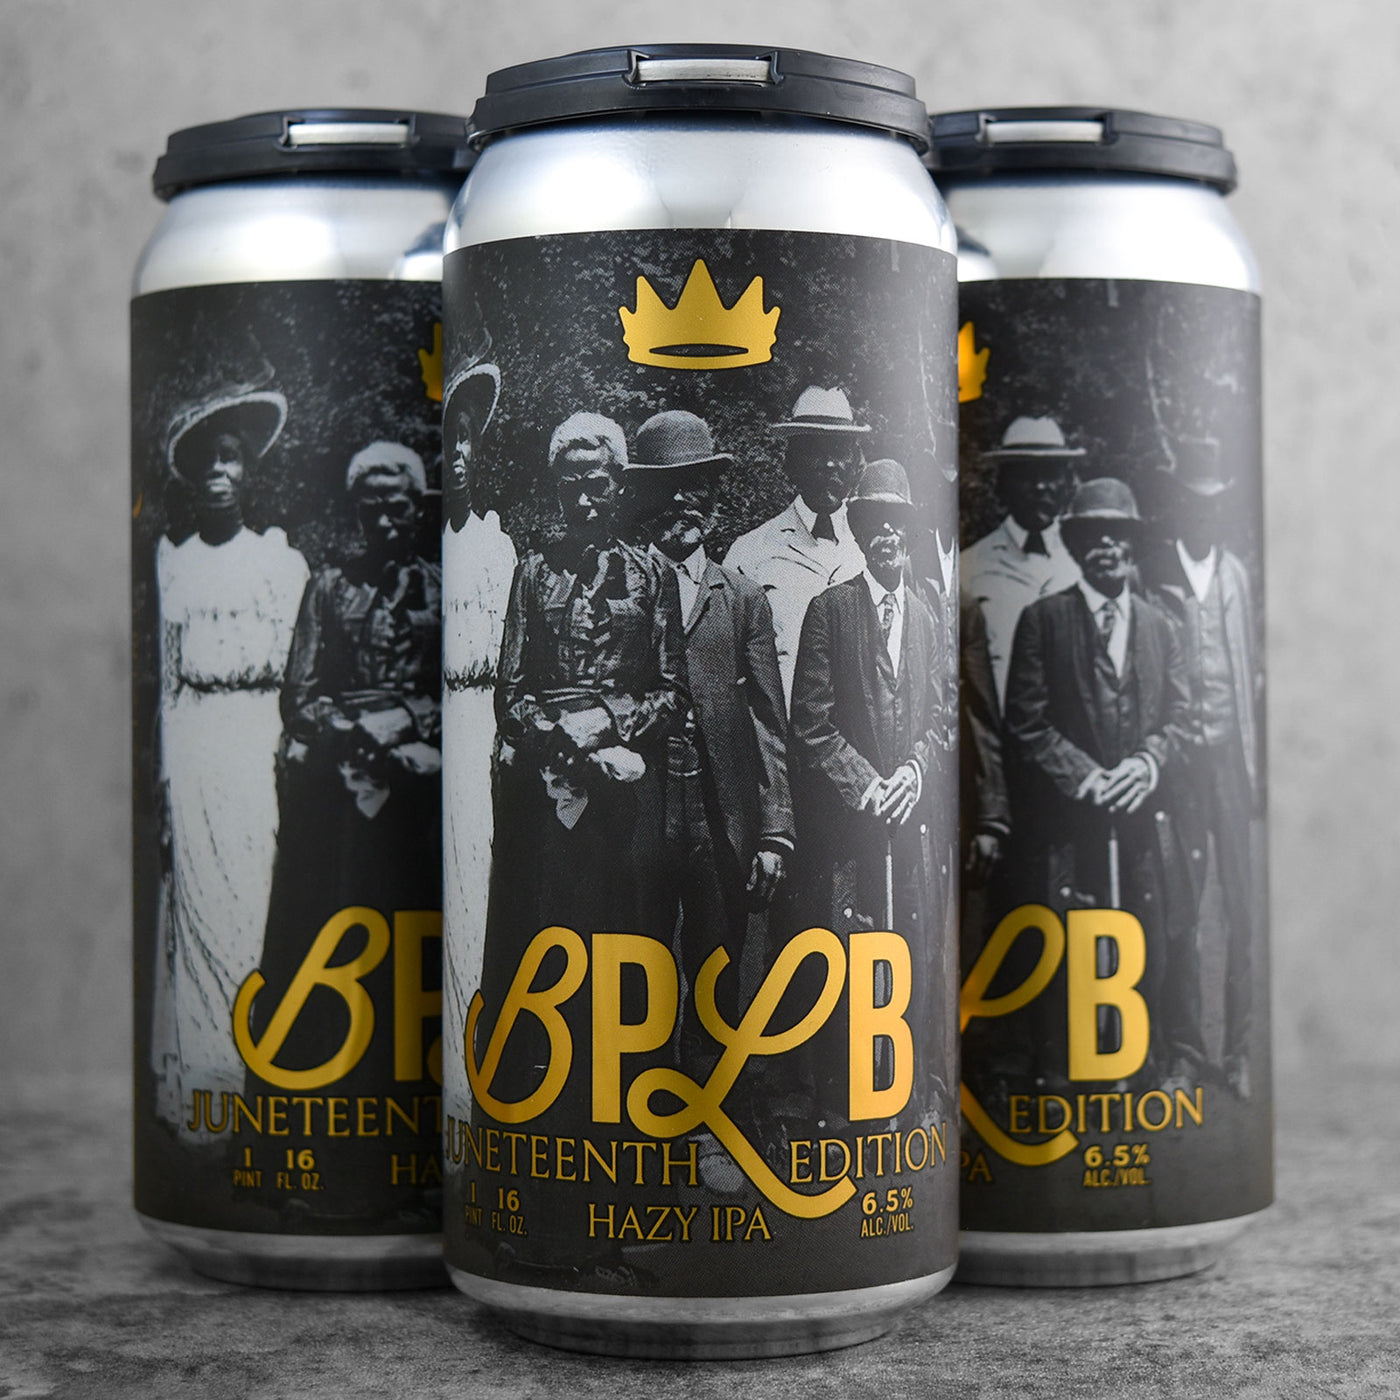 Crowns & Hops BPLB Juneteenth Edition
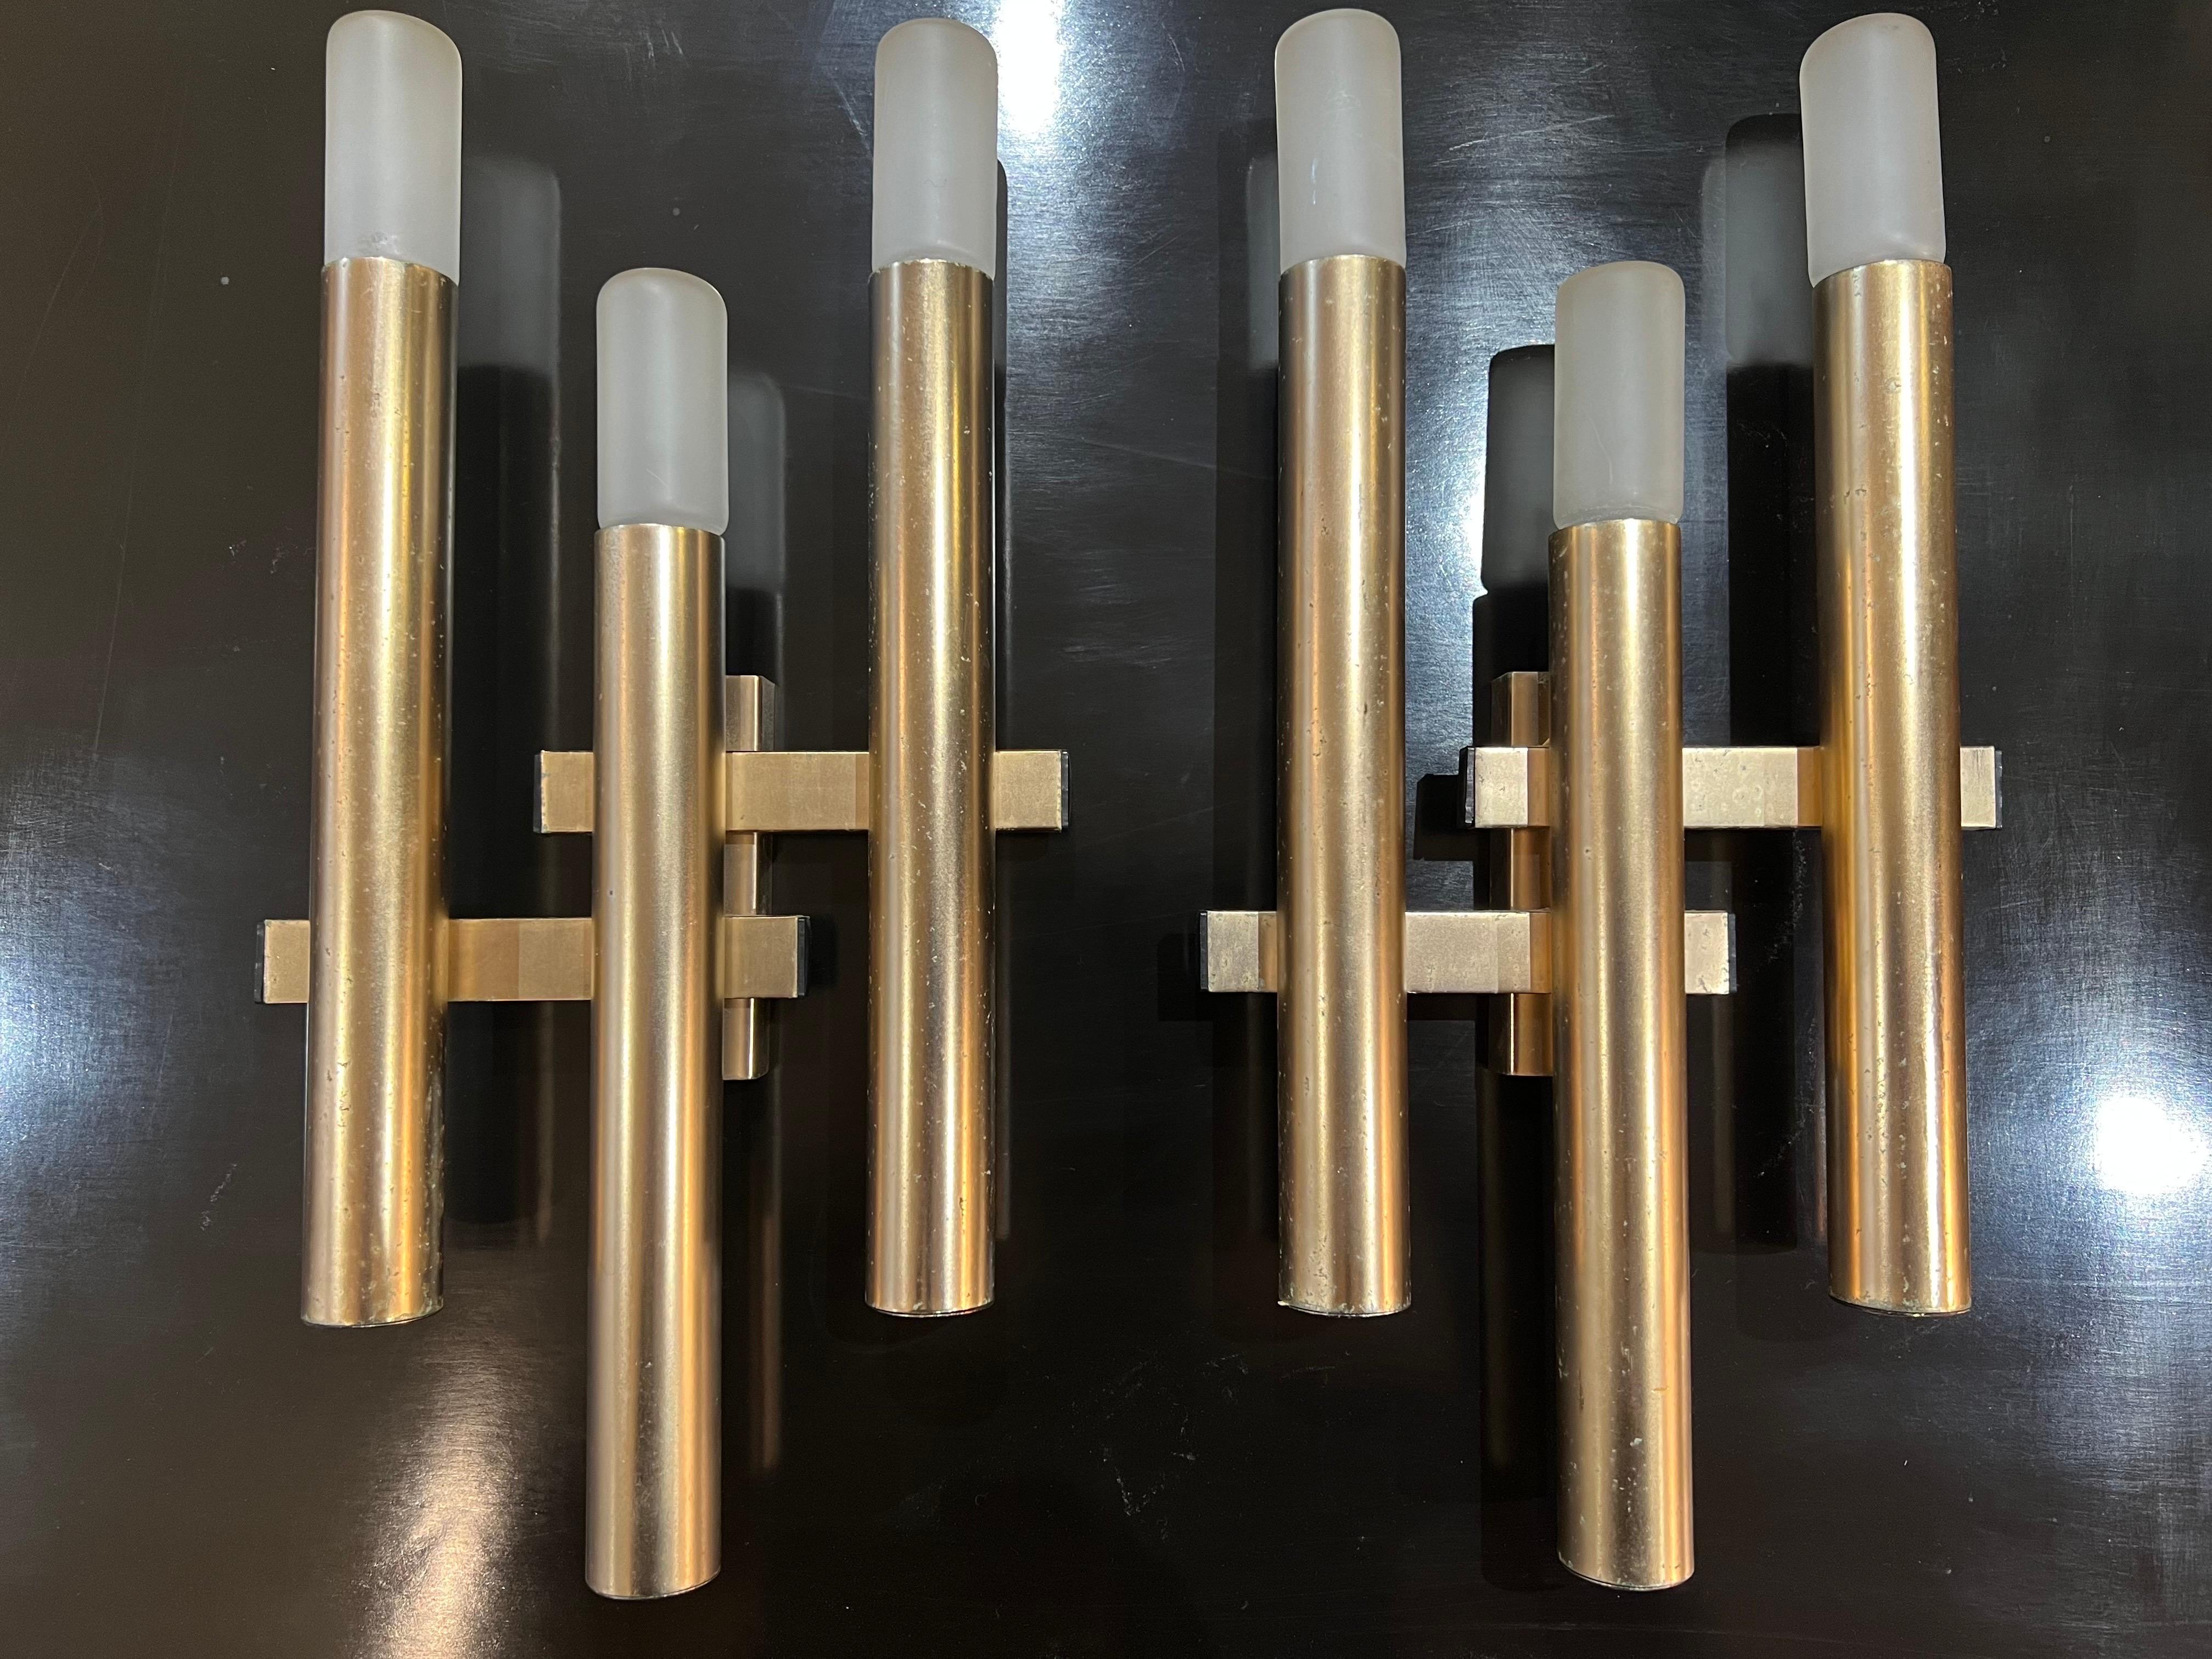 Set of 4 Stilnovo wall sconces in tubular brass with 3 bulbs each . We have an additional pair of two tubes which can be added to the set . (Please see photo and other listing)
This is an ideal collection of wall lamps that can be put together as a

• _EXERCISE DIRECTIONS_: Reproduce the whole listing word for word, setting aside any pictures.

• _PROBLEM SOLUTION_:
 Crowns & Hops BPLB Juneteenth Edition
 Set of 4 Stilnovo wall sconces in tubular brass with 3 bulbs each . We have an additional pair of two tubes which can be added to the set . (Please see photo and other listing)
This is an ideal collection of wall lamps that can be put together as a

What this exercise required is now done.